There was a random
function added to ExprTk table before:
exprtk::symbol_table<double> symbolTable;
std::random_device rd;
std::mt19937 gen(rd());
std::uniform_real_distribution<double> dis(0.0, 1.0);
auto randomFunc = []() {
return dis(gen);
};
symbolTable.add_function("random", randomFunc);
exprtk::expression<double> expression;
expression.register_symbol_table(symbolTable);
Now I modified it to take minimum and maximum args:
exprtk::symbol_table<double> symbolTable;
std::random_device rd;
std::mt19937 gen(rd());
auto randomFunc = [](double min = 0, double max = 1) {
std::uniform_real_distribution<double> dis(min, max);
return dis(gen);
};
symbolTable.add_function("random", randomFunc);
exprtk::expression<double> expression;
expression.register_symbol_table(symbolTable);
It works, except for keeping compatibility with the old argument-less random
usage, which is desired. Despite having default args, ExprTk can't compile random
or random()
. I'm assuming the library just handles the number of arguments and doesn't check if there are any default values.
I think I would need to instead switch to ivararg_function
to support this. Or is there a simplier way I'm missing?
Having default values specified for the function parameters does not change the fact that the function you are registering is a two input parameter function, requiring two parameters be passed when invoking it in an expression/program.
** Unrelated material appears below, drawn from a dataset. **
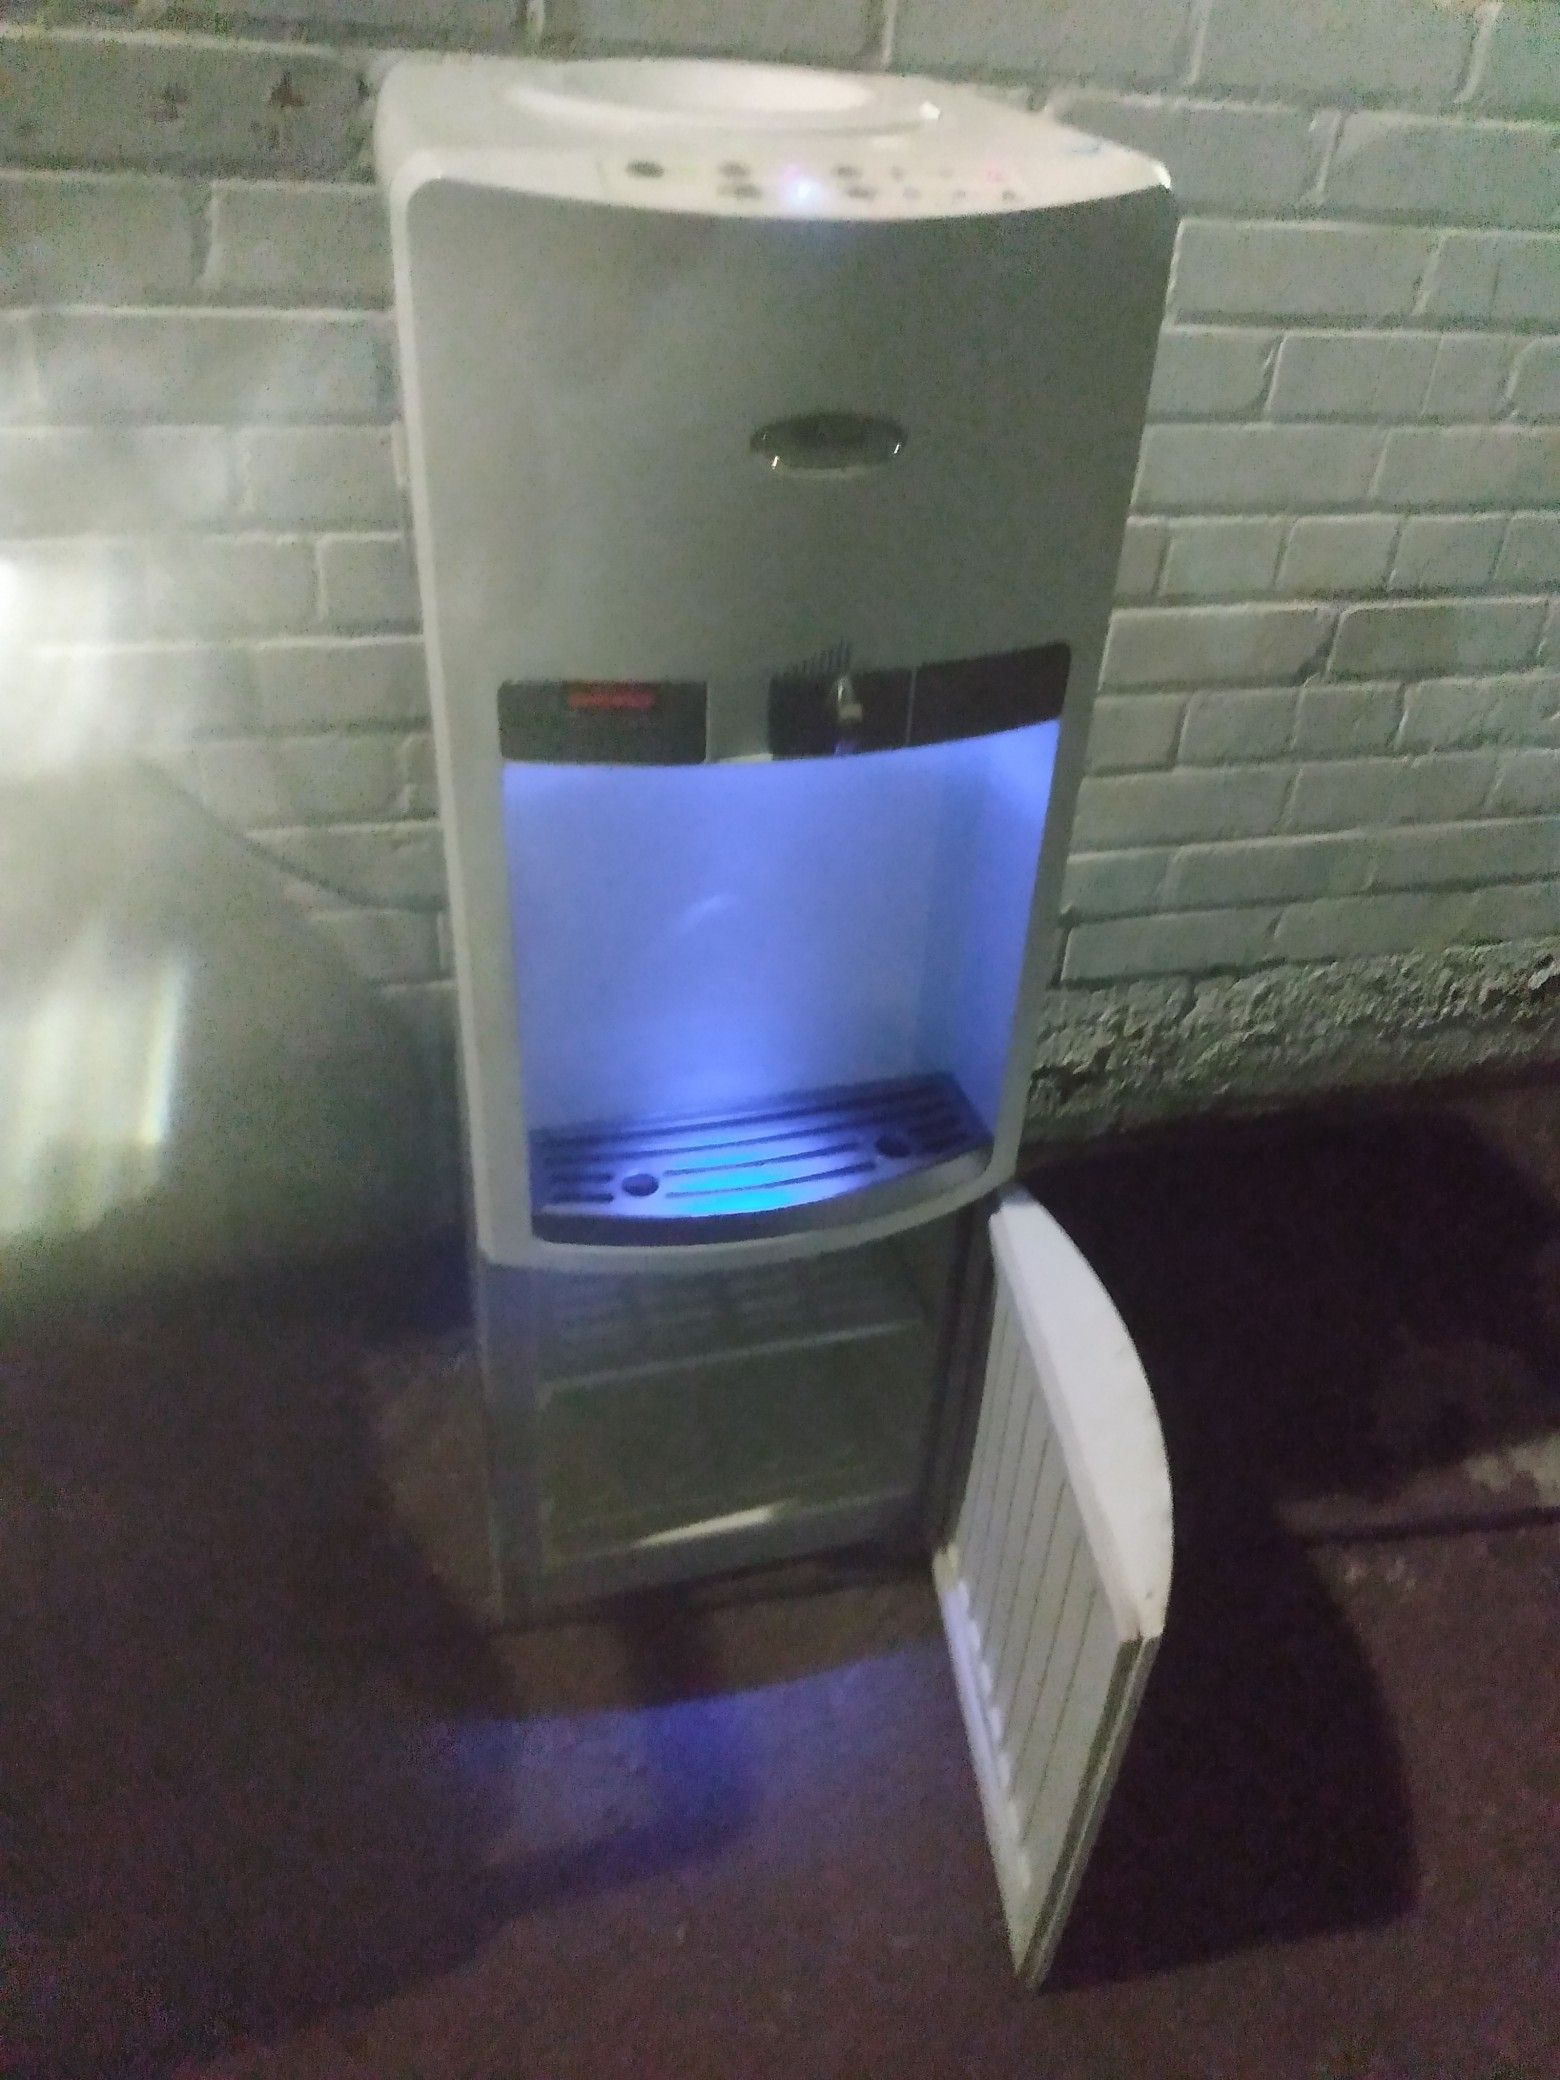 Whirlpool hot/cold water dispenser and rapid cool fridge.

In short what you're looking for is called: function overloading and this can be achieved by using an exprtk::igeneric_function
.
The two overloads you're interested in are:
The following demonstrates how such a exprtk::igeneric_function
can be implemented:
template <typename T>
struct unirandom_dist final : public exprtk::igeneric_function<T>
{
typedef exprtk::igeneric_function<T> igenfunct_t;
typedef typename igenfunct_t::generic_type generic_t;
typedef typename igenfunct_t::parameter_list_t parameter_list_t;
typedef typename generic_t::scalar_view scalar_t;
unirandom_dist()
: exprtk::igeneric_function<T>("Z|TT")
/*
Overloads:
0. Z - Zero parameters, range is [0,1)
1. TT - min and max, range is [min,max)
*/
{
std::random_device device;
std::array<unsigned int,std::mt19937::state_size> seed;
std::generate_n(seed.data(),seed.size(),std::ref(device));
std::seed_seq seq(std::begin(seed),std::end(seed));
generator.seed(seq);
}
using igenfunct_t::operator();
T operator() (const std::size_t& ps_index, parameter_list_t parameters) override
{
const T min = (ps_index == 0) ? T(0) : scalar_t(parameters[0])();
const T max = (ps_index == 0) ? T(1) : scalar_t(parameters[1])();
if (min <= max)
{
std::uniform_real_distribution<T> unidist(min,max);
return unidist(generator);
}
return std::numeric_limits<T>::quiet_NaN();
}
std::mt19937 generator;
};
The following is how all of it can be brought together and used in an expression:
template <typename T>
void foo()
{
typedef exprtk::symbol_table<T> symbol_table_t;
typedef exprtk::expression<T> expression_t;
typedef exprtk::parser<T> parser_t;
unirandom_dist<T> unirnd;
exprtk::rtl::io::package<T> io_package;
symbol_table_t symbol_table;
symbol_table.add_function("random" , unirnd);
symbol_table.add_package (io_package);
expression_t expression;
expression.register_symbol_table(symbol_table);
parser_t parser;
const std::string random_program =
" println('random: ', random ); "
" println('random(): ', random() ); "
" println('random(-1,+1): ', random(-1,+1)); ";
parser.compile(random_program,expression);
expression.value();
}
int main()
{
foo<double>();
return 0;
}
Point of note is that now the function has a few overloads that can be invoked in the following ways:
As a side note the reason you wouldn't use ivararg_function
is because it doesn't come with type checking and will require the implementation of unirandom_dist
to determine in the critpath the number of params being passed and their nature etc.